In October, Moody’s investor service, the international credit agency, announced Egypt’s investor outlook was upgraded from negative to stable, citing support from external donors’ as a factor for upgrading the country’s outlook. “External financial support, predominantly from Gulf Cooperation Council member states, continues to bolster external liquidity, supporting Egypt’s budget and lowering the government’s financing costs,” said the Moody’s website.

Operators in Egypt have long-expressed dissatisfaction with the investment terms for oil and gas exploration, crippling bureaucracy, and legal disputes, and according the Planning Ministry, change is on the way. Ashraf Al Arabi, Egypt’s planning minister told Reuters that a new investment law, currently in draft form, would tackle issues including land use, the energy sector and infrastructure. “I believe we will have a very advanced law that tackles all the problems we are facing nowadays in Egypt.” Arabi added that he aimed to finalize the new law in time for the economic summit in February.
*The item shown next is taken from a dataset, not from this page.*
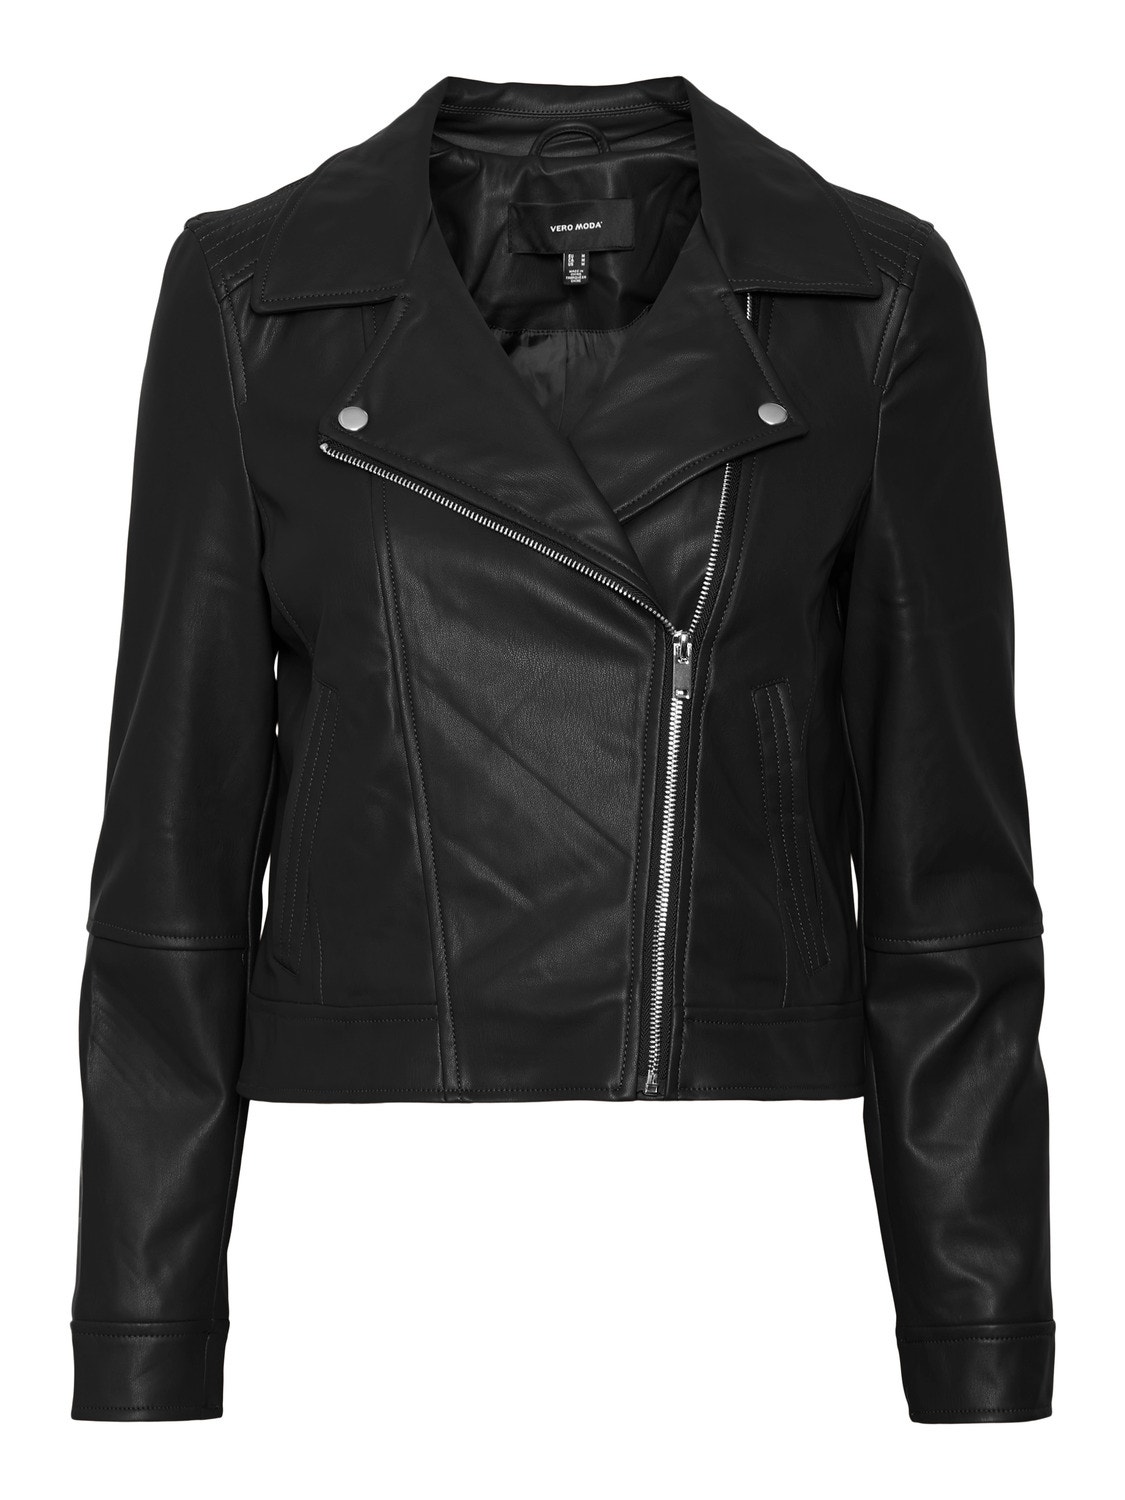 Vero Moda VMBELLA Jacket -Black - 10278269

A Brighter Future For the Upstream

However, the heavy amounts of Arab oil imports itself won’t have a significant effect on investors and operators in domestic oil production in Egypt, Dargin believes. “What the petroleum aid does for Egypt is to allow it to cover the shortfall in oil until it is able to ramp up its own domestic production.”

Egypt’s time as an oil exporter now seems a distant memory, and when overconsumption began to outpace production in 2010, the country became dependent on imports. With the medium-term assistance from the Gulf nations along with Sisi’s economic reform plan and the recent success, Egypt has had difficulties attracting foreign investment, this trend could be reversed once again.

“Egypt seems well placed to increase upstream investment,” Dargin believes. “Therefore, the likely result of Sisi’s energy reforms will be the stimulation of upstream investment and a reduction in oil demand. So, if Egypt stays the course with its sectoral restructuring, it is entirely possible that it could return to oil exportation by ten years or so.”

Another positive development for Egypt’s oil economy is the decrease in Brent crude, which has dropped below $90 a barrel for the first time in two years, nearly $20 from its June peak. According to Reuters, “rebalancing growth towards countries struggling to recover from the Arab Spring uprisings without doing major damage to the oil exporters of the Gulf.”

Jason Tuvey, Middle East economist at Capital Economics in London told Reuters there could be a $4 billion annual reduction in the combined import bills of Egypt, Morocco, Tunisia, Jordan and Lebanon, for every $10 fall in the oil price on a sustained basis.

The current Brent price is still a comfortable distance from the break-even point for Saudi Arabia, the UAE, and Kuwait – $90.70, $73.30, and $53.30, respectively. However, Paul Gamble, Director of the Sovereign Group at Fitch Ratings, warned that the low oil prices, while they will help ease Egypt and North Africa’s oil import debt, continued subsidy reform in the region is still vital the aid the budget deficit.

Because the country depends on natural gas for the majority of its power production, the billions of dollars worth of oil arriving at Egypt’s ports won’t have a direct influence on the power cuts that afflict the country. That the aid enables Egypt to alleviate its domestic petroleum demand so it can focus on natural gas is an indirect way the petroleum aid mitigates pressure on Energy demand, Dargin informs. “However, it is more the energy/power pricing reformation that has placed significant downward pressure on power demand, while creating incentives for natural gas production that has a more comprehensive impact,” he adds.

Dargin believes the main alternative to meeting Egypt’s energy and petroleum demand is the energy price reform package already initiated by Sisi last July. “This has had nearly an immediate effect of attracting investment in the upstream sector, as shown by the recent bidding round, and by reducing energy/power demand in the various sectors. Yet, the results will begin to show in the mid to long-term as it will take a little while for Egypt to begin producing from its new blocks and having the gas reach the domestic market.”